If you're looking for an intense day-hike, consider this little-known route that climbs 8,000 feet (2,438 meters) over 11 miles (18 kilometers) from the Palm Springs Art Museum to the top of the Palm Springs Aerial Tramway. From here, you can hike another 5.5 miles (9 kilometers) and 2,400 feet (732 meters) to the top of San Jacinto, which at 10,834 feet (3,302 meters) is the second highest peak in Southern California. Here are a few precautions: the first 11 miles (18 kilometers) of this route are not maintained; an ice axe and crampons are required during the winter and spring to navigate steep ice chutes; and natural water sources are either infrequent or non-existent, depending on the season. If it weren't obvious already, this is a very strenuous hike. There may be no other prolonged climb in the Lower 48 that is this steep.

Besides the physical achievement and the sublime view from the top of San Jacinto, the reward of the Cactus to Clouds Trail is witnessing the rapid change in vegetation as you climb out of Palm Springs.
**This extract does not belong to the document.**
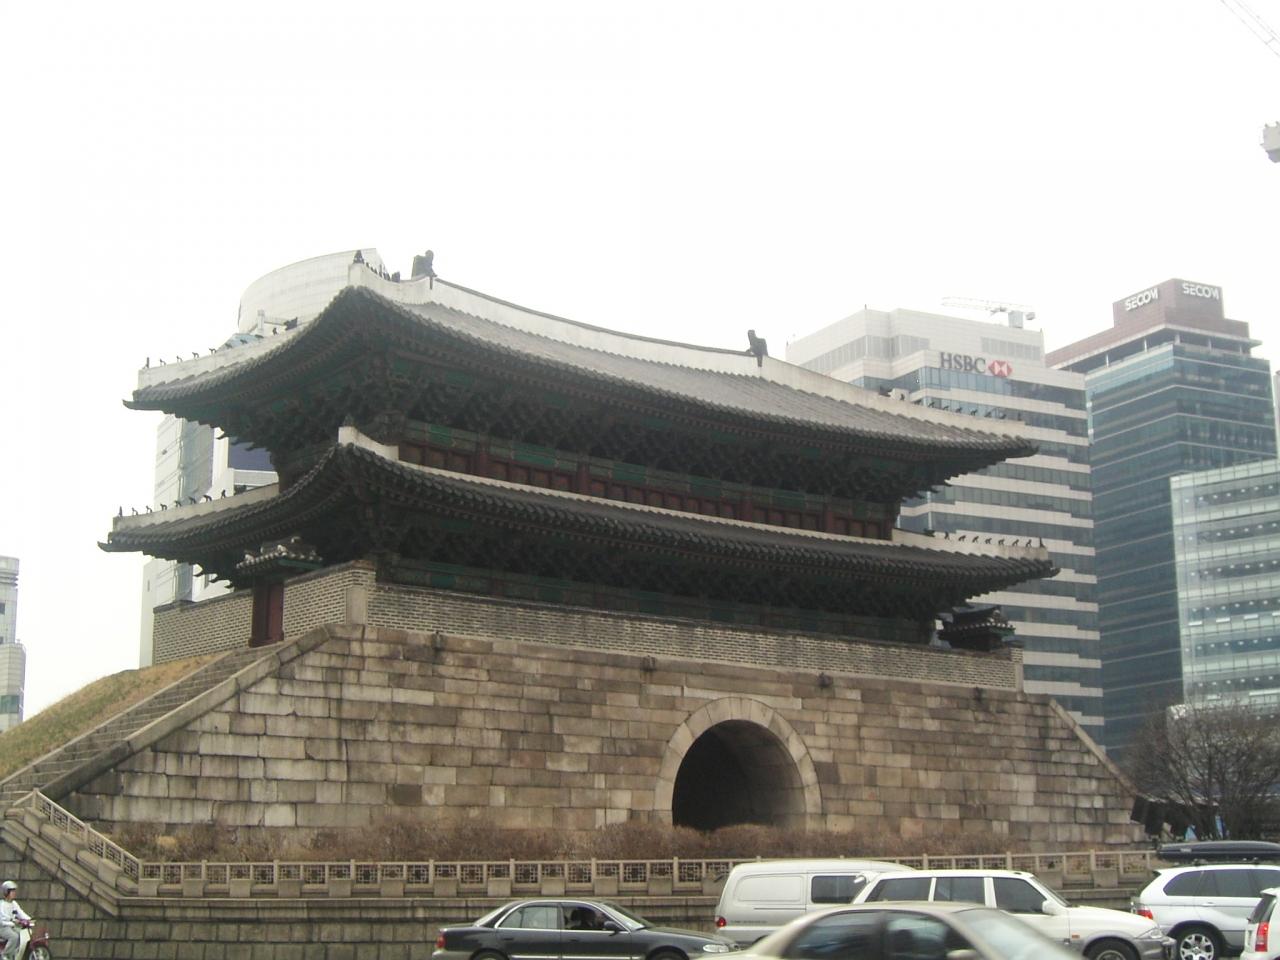 25785f933891 ソウル旅行記(ブログ) 一覧に戻る · 今更UP?ってカンジですが(汗)、2005年春にソウル

You'll start in the harsh Colorado Desert, which is dominated by creosote and burrobush, and subsequently climb through chaparral, scrub oaks, ponderosa pines, and firs, before finally reaching the craggy windswept summit. This is a great opportunity to witness how temperatures and moisture levels affect plant communities.

Difficulty: Very hard. This is a steep and long climb on an unmaintained path, with few or no water sources.

Terrain: Colorado Desert, chaparral, scrub oaks, ponderosa pines, firs, and alpine. 

Distance: It's 11 miles (18 kilometers) and 8,000 vertical feet (2,438 vertical meters) to the tram; 22 miles (35 kilometers) and 12,800 vertical feet (3,901 vertical meters) up to San Jacinto from Palm Springs; and then back to the tram. 

Time: 1 or 2 days, depending on your fitness level and whether you want to climb to the top of San Jacinto.

Staging Ground: Palm Springs.

Best Time to Go: Fall. Temperatures will have mellowed out from their summer highs; and you'll avoid the ice chutes that make springtime conditions dangerous.